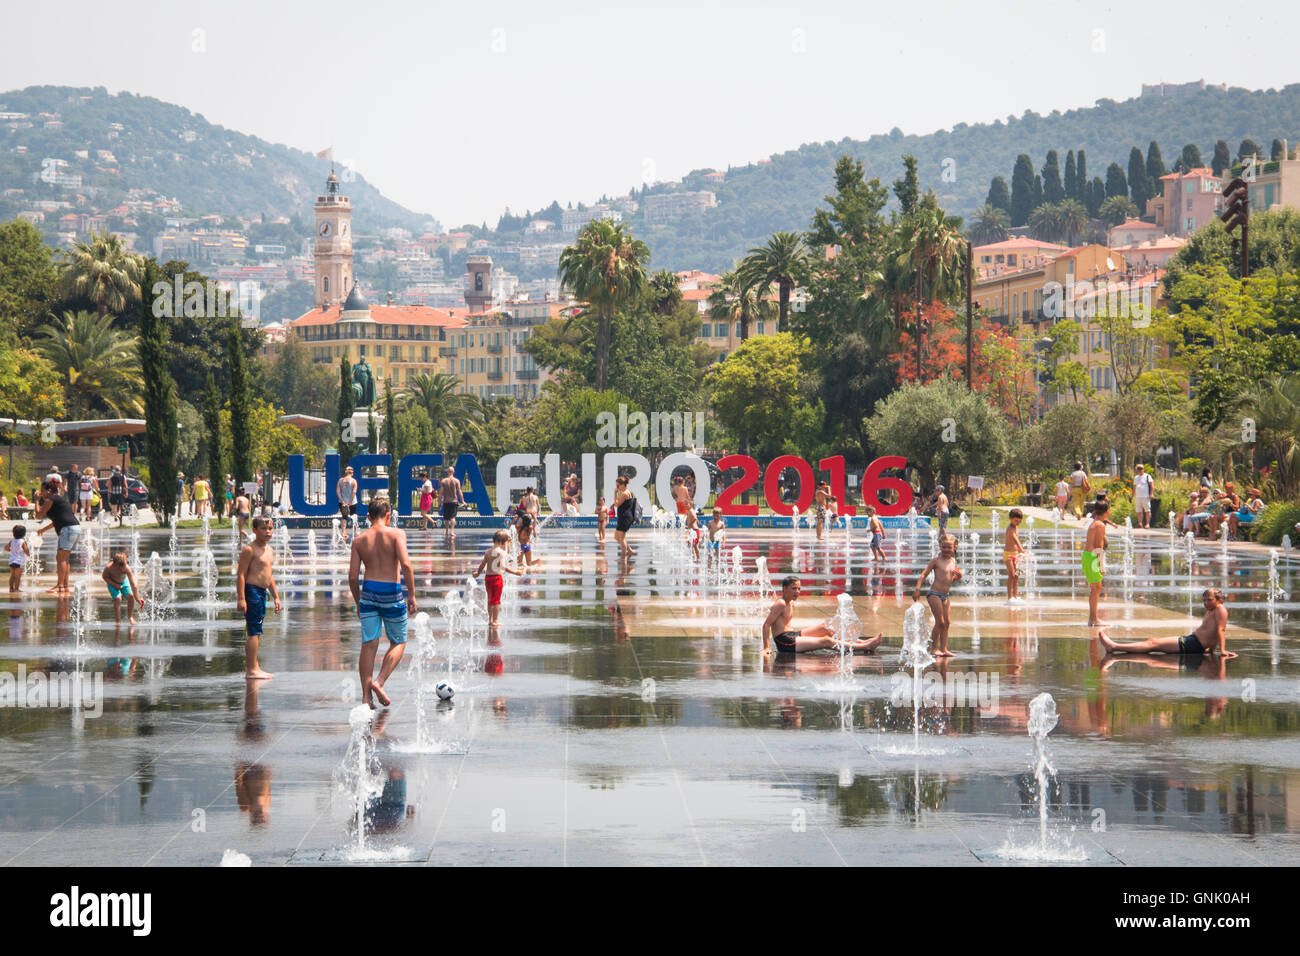 NICE, FRANCE - JULY 2016: People playing in the fountains on the main square of Nice in France Stock Photo
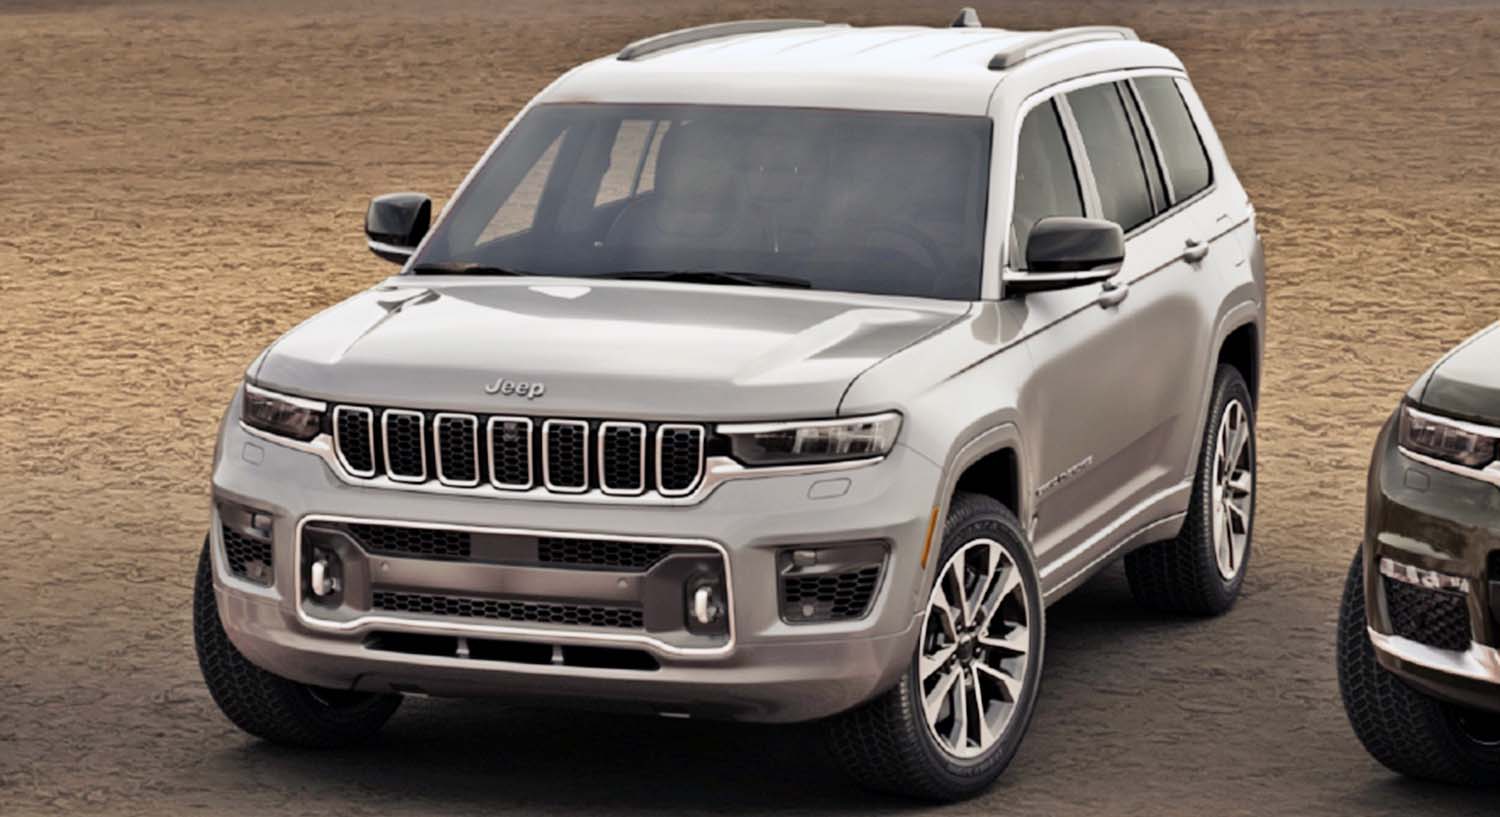 All-New Jeep Grand Cherokee L Breaks New Ground In The Full-Size SUV Segment In The Middle East
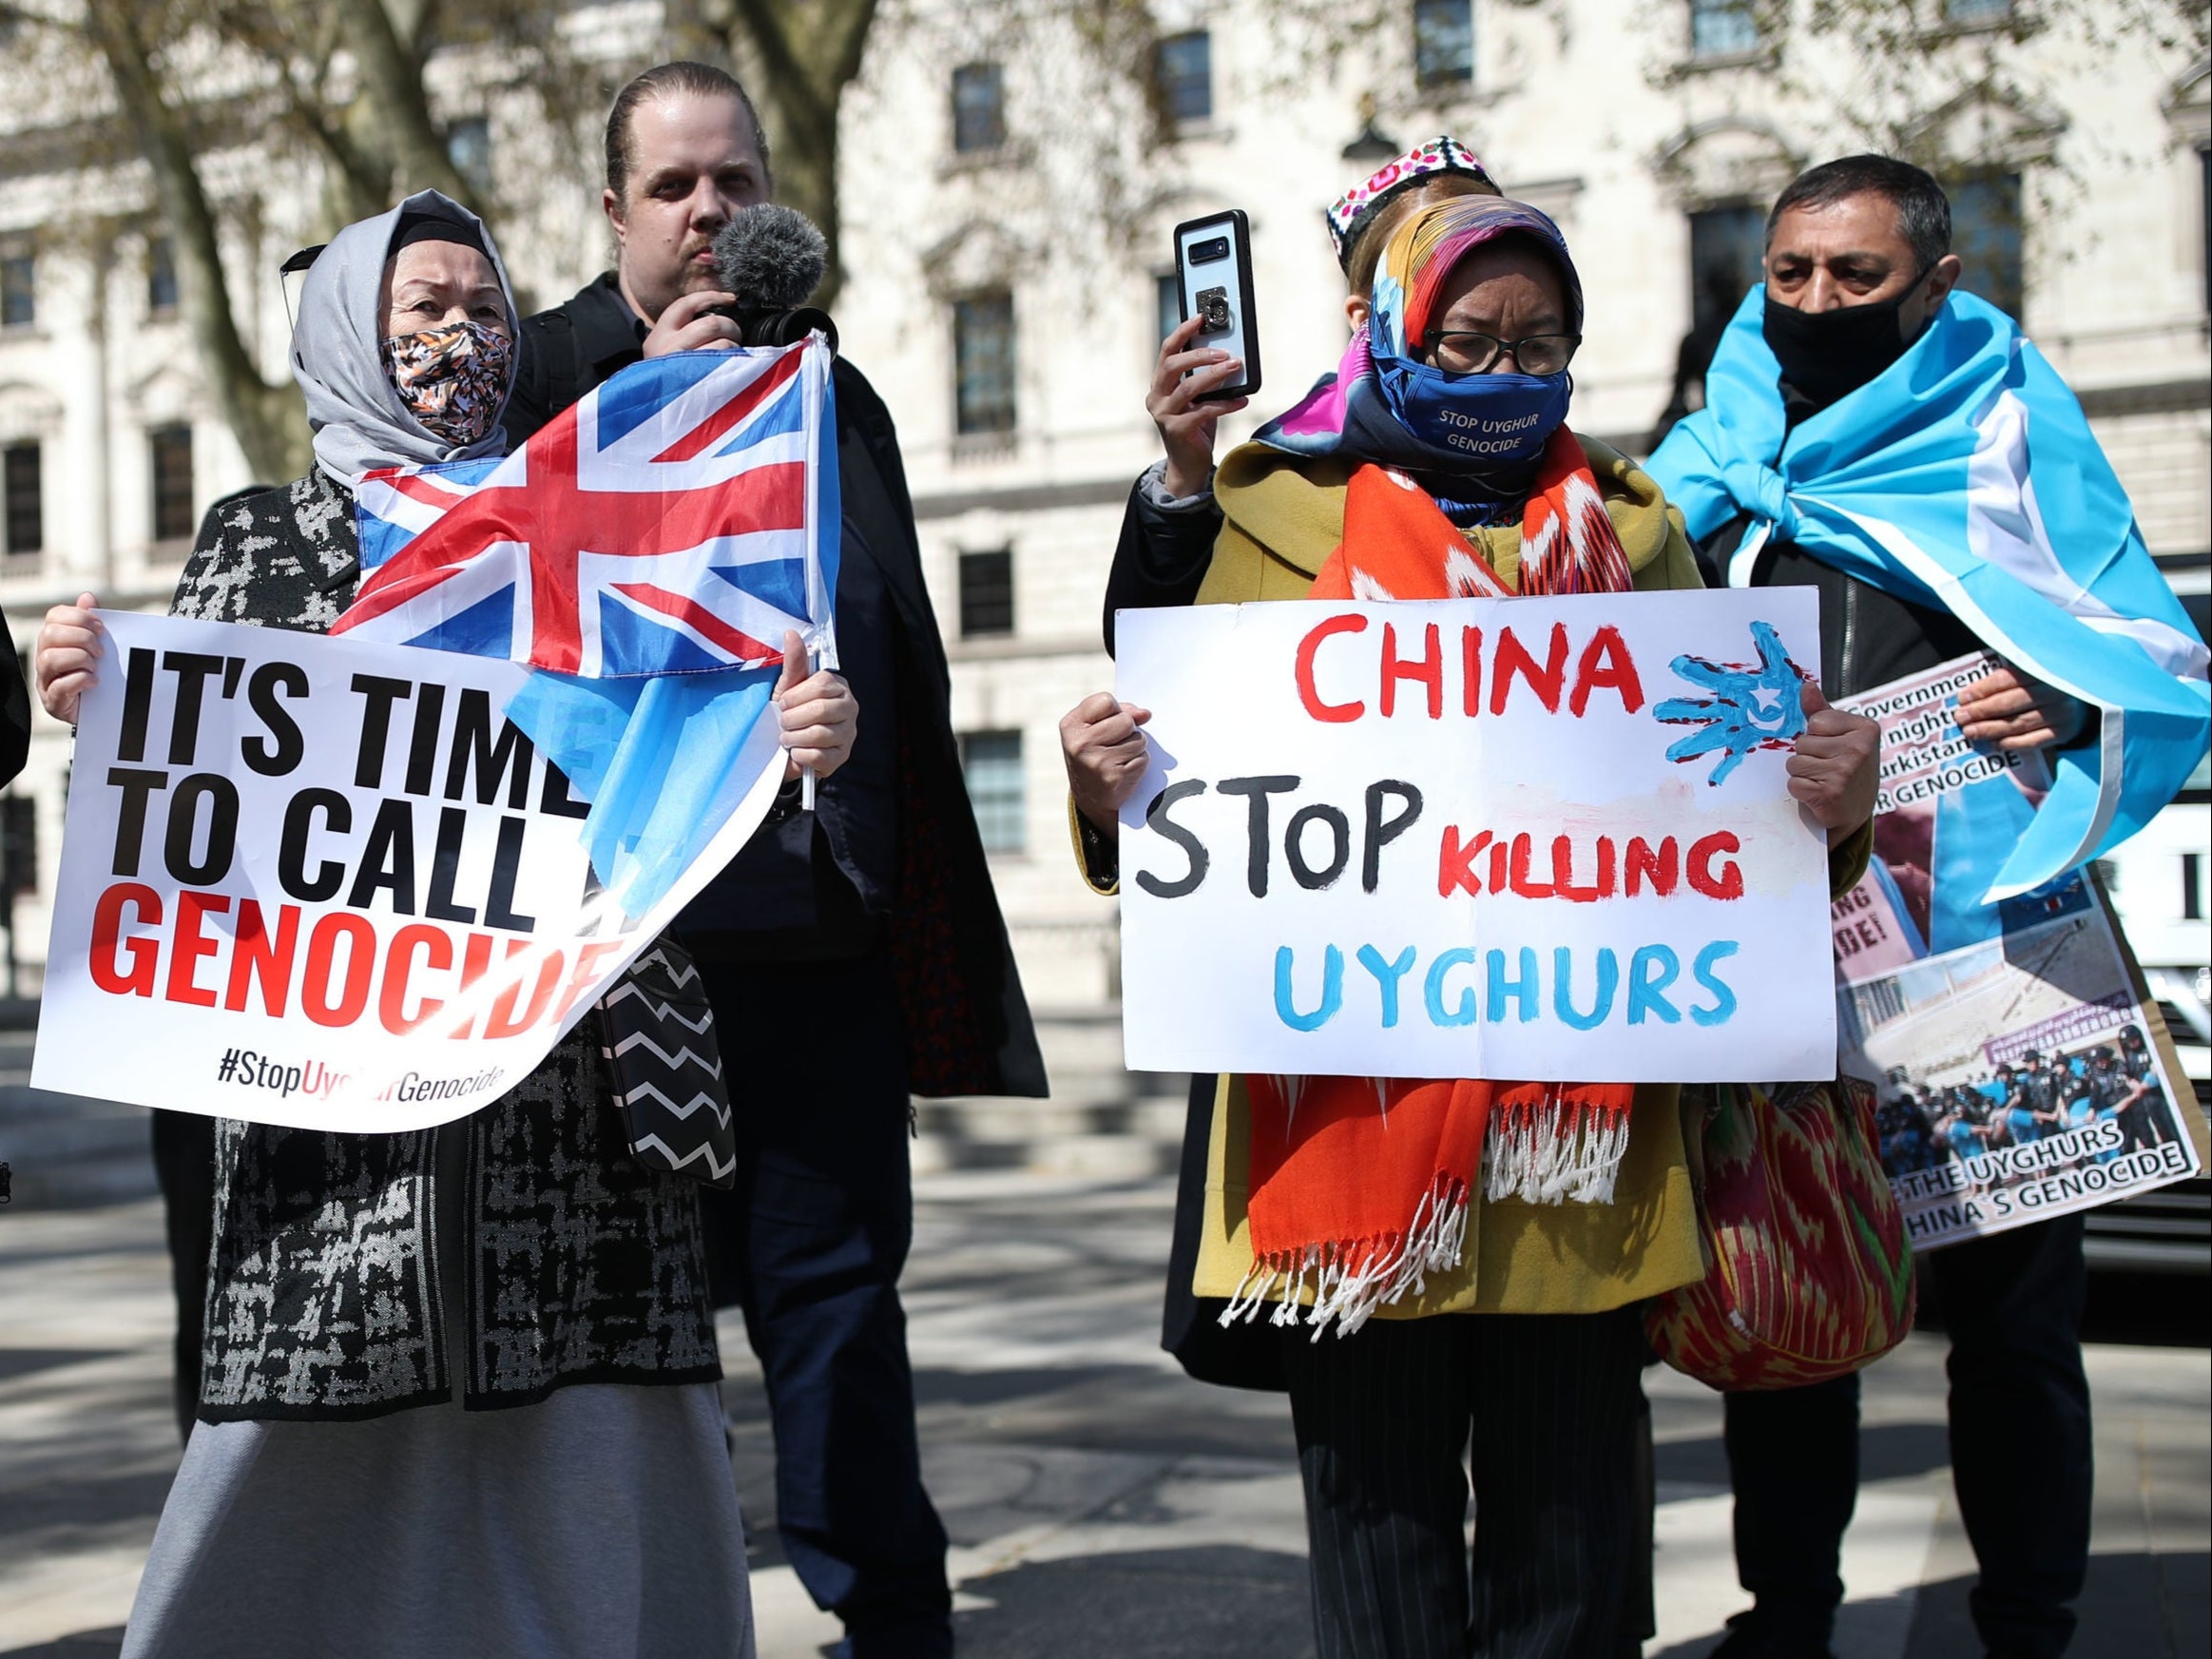 People protest in London against the atrocities carried out by China in Xinjiang province.
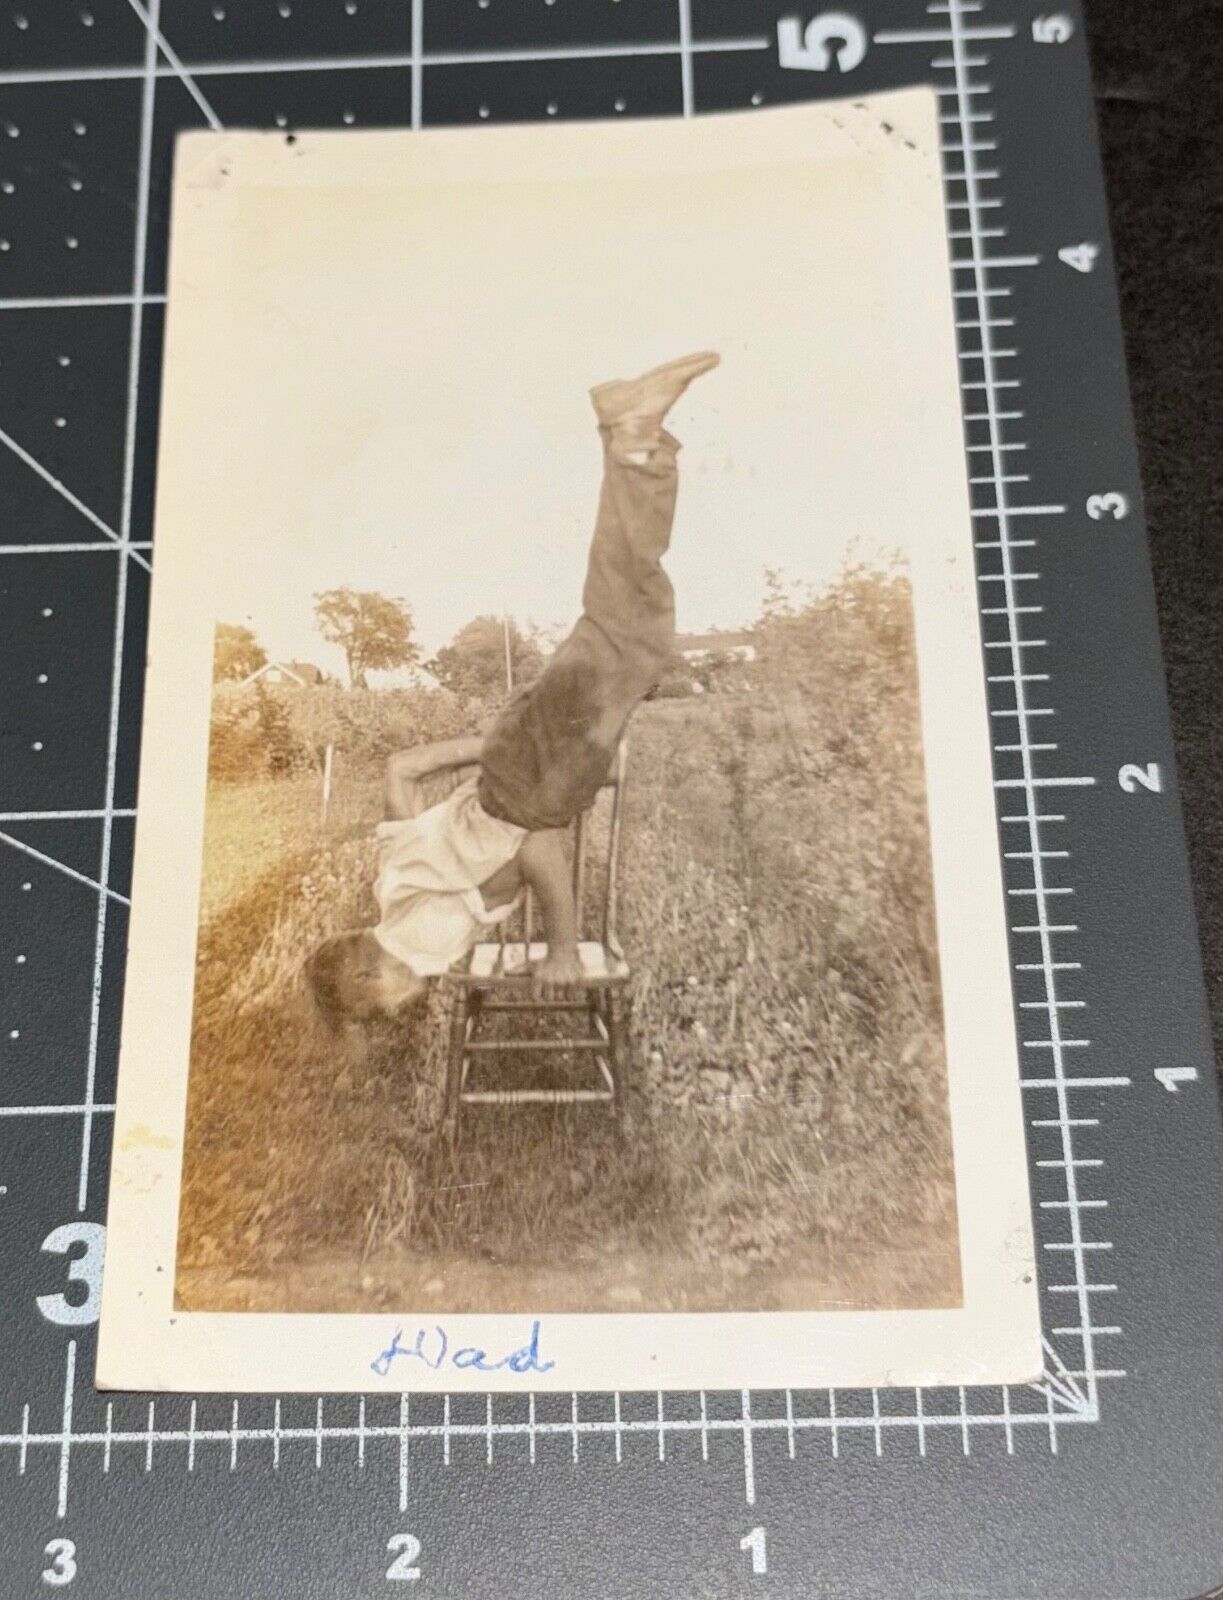 Strong Man HEADSTAND on Chair Acrobat 1920s Vintage Snapshot PHOTO

● **THE TASK**
Please produce an exact copy of all the material, leaving out the pictures.

● **ANSWER TO THIS PROBLEM**
 NICE, FRANCE - JULY 2016: People playing in the fountains on the main square of Nice in France Stock Photo
 All-New Jeep Grand Cherokee L Breaks New Ground In The Full-Size SUV Segment In The Middle East
 People protest in London against the atrocities carried out by China in Xinjiang province.
 Strong Man HEADSTAND on Chair Acrobat 1920s Vintage Snapshot PHOTO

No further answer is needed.